To complicate matters, there is evidence that time of day influences not only physical performance but also cognitive and mood-related aspects of athletes’ performance (Mhenni et al., 2017; Essid et al., 2022). This suggests a potential for optimizing team performance by synchronizing the circadian rhythms of team members and aligning their peak cognitive and physical performance functioning times.

Based on the proven importance of cognitive strategies in team sports, the under-researched influence of circadian rhythms on collective cognition and situational awareness, and the potential to optimize team performance through circadian synchronization, this study aimed to investigate how different times of day influence cognitive sharing, understanding, and coordination in elite male handball players.

This investigation builds upon our comprehensive psychological assessment of identical participants (Essid et al., 2022), which demonstrated significant circadian variations in negative mood states (anxiety, anger, confusion, depression, fatigue; all p < 0.05) and increased fatigue indices during morning hours (10h00) compared to afternoon and evening sessions. These psychometric findings provide essential physiological context for understanding the cofnitive coordination within established circadian frameworks.

Materials and Methods

Data analysis

Offensive phase analysis focuses on field players engaged in coordinated attacking play, where cognitive coordination challenges are most evident and tactically significant. Goalkeeper’s cognitive demands during opponent attacks involve defensive positioning, anticipatory preparation, and individual decision-making rather than the collaborative cognitive coordination processes central to our investigation (Blecharz et al., 2022). Our audiovisual data collection system was optimized for capturing field player interactions and coordination patterns during attacking sequences. At the same time, goalkeeper activity occurred in different spatial zones with fundamentally different cognitive requirements. This focused approach maintains ecological validity for examining offensive cognitive coordination while enabling precise analysis of collaborative decision-making processes.
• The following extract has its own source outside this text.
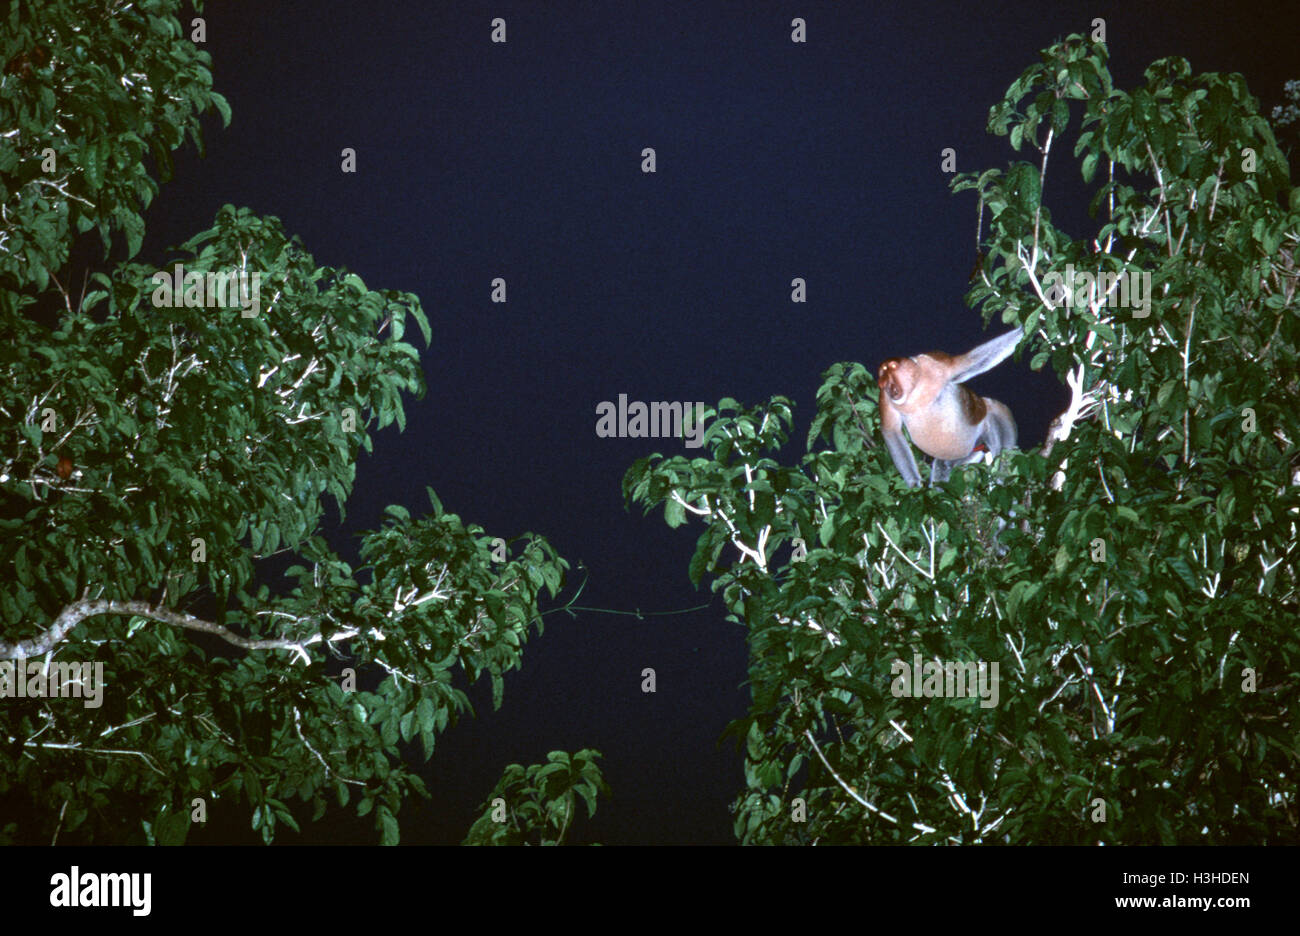 Proboscis monkey (Nasalis larvatus) Stock Photo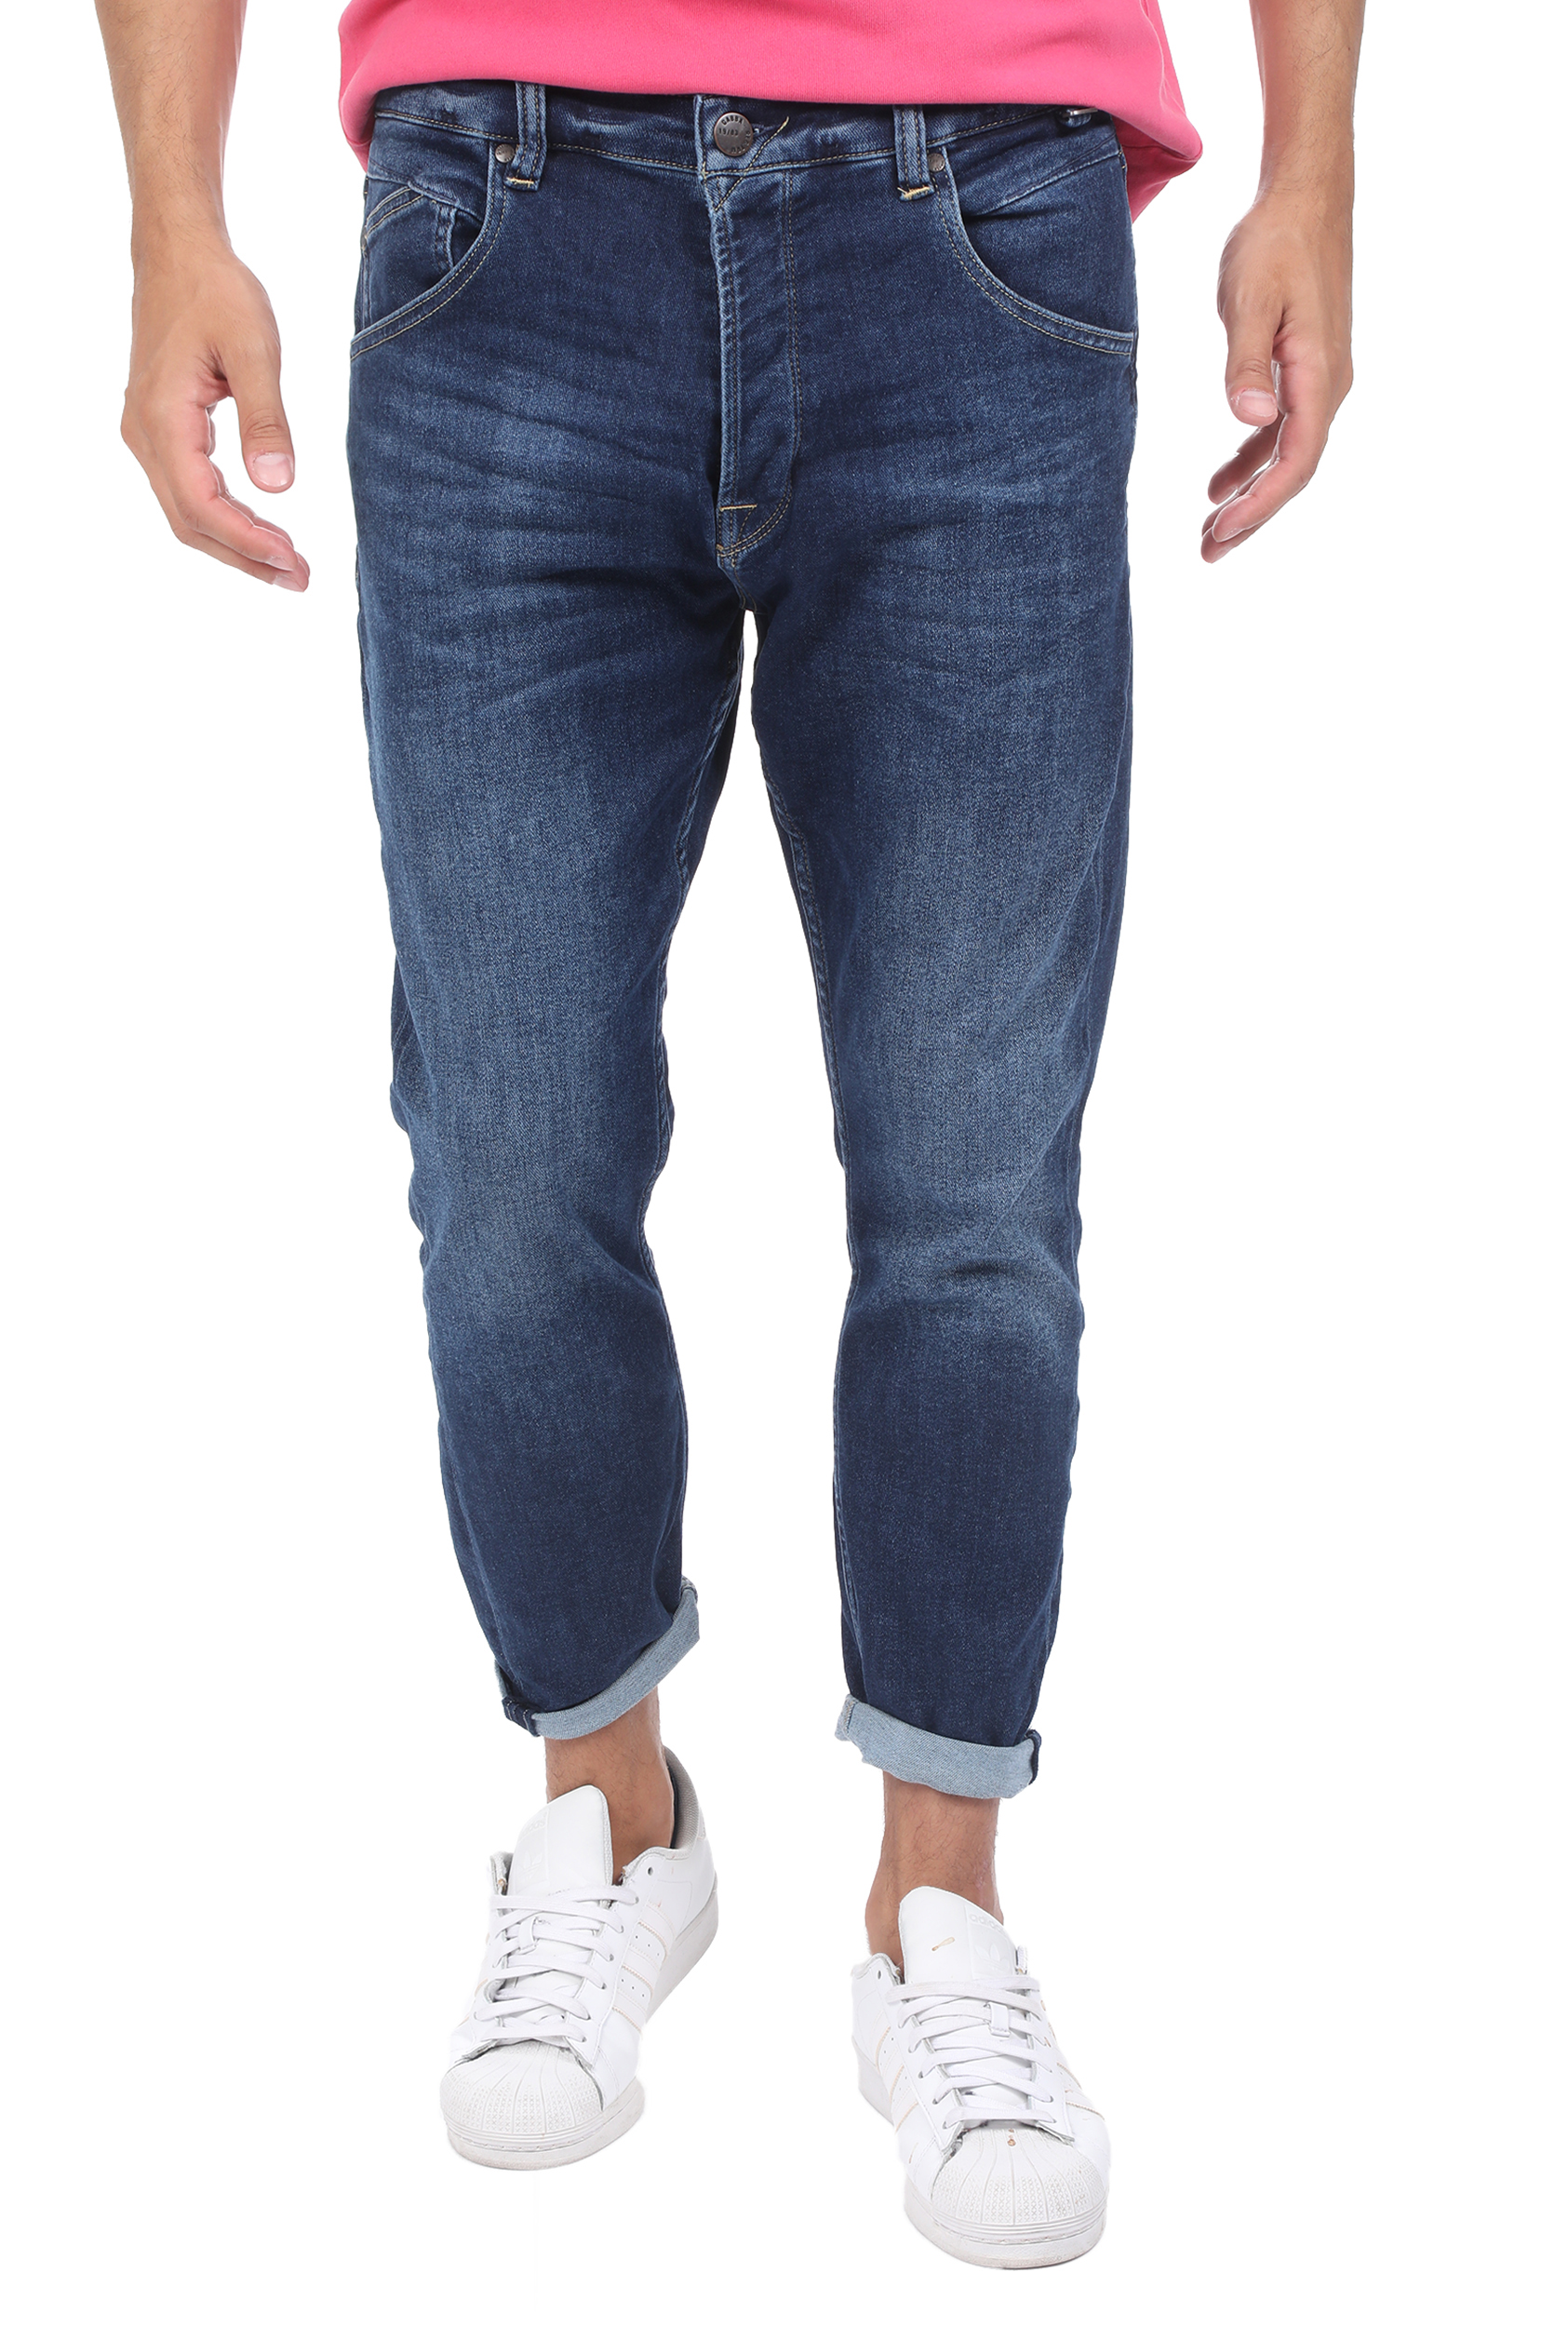 Ανδρικά/Ρούχα/Τζίν/Straight GABBA - Ανδρικό jean παντελόνι GABBA Alex μπλε

The offensive phases of the three games were recorded and the sequences in which the six players were involved were analyzed. In this way, we were able to preserve ten sequences of the offensive phases in each match. The data were processed in the following steps: (1) elaboration of match chronicles, (2) coding of individual activities, (3) articulation of individual activities, (4) categorization of the data according to typical forms of sharing, (5) diachronic data analysis (Bourbousson et al., 2008; De Keukelaere et al., 2013) and (6) validation of the analysis (Fig. 1).

Elaboration of match chronicles

This step consists of preparing the data collected by verbalization in a table during each self-confrontation interview (Table 1).

The principle of reconstructing play chronicles is that for each action studied, there is a verbalization and an associated behavior. This step aims to make the data collected through verbalization and extrinsic observation usable. The placement of the players in this table shows the position of the players in the offensive phases.

Coding of individual activities

After reconstructing the match chronicles, the activity was “coded” by “cutting up” the verbalizations obtained into units of meaning that were considered significant from the player’s point of view. The coding was carried out according to the category system of the Recognition Primed Decision (RPD) model developed by Klein (1993) and Klein (1997), consisting of: typical actions (A), relevant clues (I), plausible goals (G), and expectations (EX).

Table 1:

Reconstruction of match chronicle during Attack 2 at 10h00 (first half).

Extract from the match chronicle reconstructed at 10h00, detailing player actions and interactions during the second attack phase. Ball circulation, positional shifts, and communication among players.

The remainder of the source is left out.